Singly-Ionized-Impurity Scattering in Degenerate Material

Abstract

The work of Blatt has been extended to include ionized-impurity scattering in degenerate $n$-type material having a single-valley conduction band and a spherical effective mass. The transport cross section $Q$ has been calculated for a potential of the Thomas-Fermi type where the inverse screening length is fixed by the Friedel sum rule. By writing the Schrödinger equation in terms of dimensionless variables, we have found that, as a consequence of the sum rule, $Q{k}^2$ is a universal function of $a_{0}k$, where $a_0$ is the first Bohr radius in the material and $k$ is the Fermi wave number.
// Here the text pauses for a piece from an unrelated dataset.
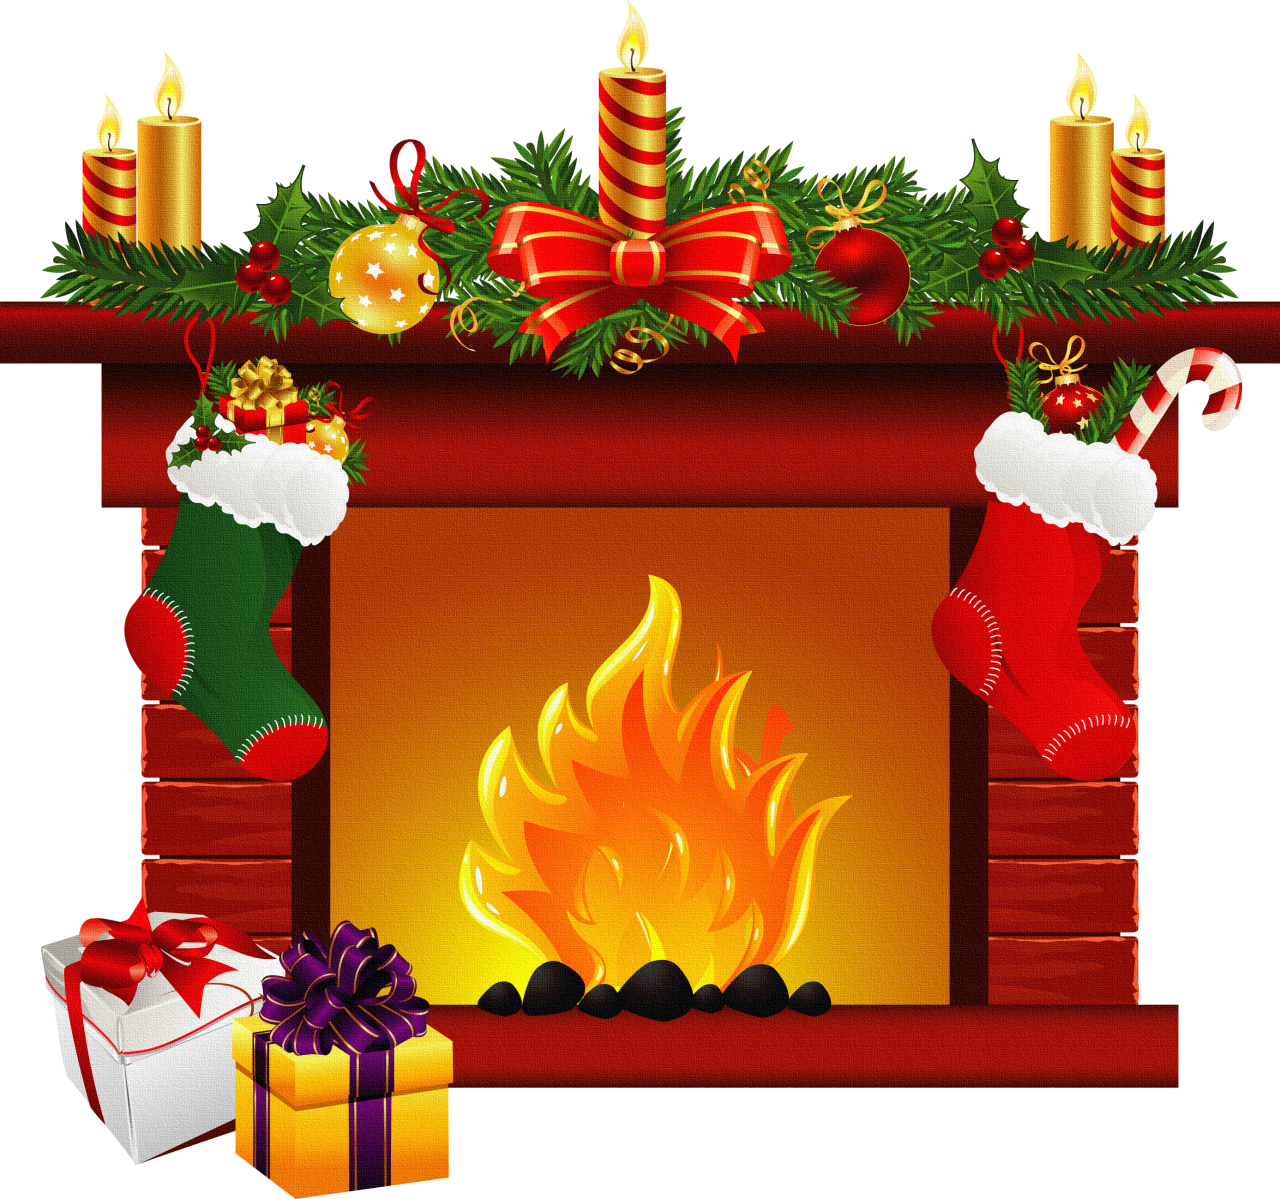 Fireplace clipart 2

A comparison of the computed $Q{k}^2$ with $Q_B{k}^2$ (the Born-approximation result for Thomas-Fermi screening, which is also a universal function of $a_{0}k$) shows that for $a_{0}k<\mathrm{}0.3\mathrm{}$. the Born approximation overestimates the resistivity, a result which is typical for metals. However, for larger $a_{0}k$, which corresponds to many degenerately doped semiconductors, the Born approximation understimates the resistivity, the discrepancy being as much as 51% at $a_{0}k=0.8\mathrm{}$. For $a_{0}k>\mathrm{}10\mathrm{}$, the Born approximation is in error by no more than 3%.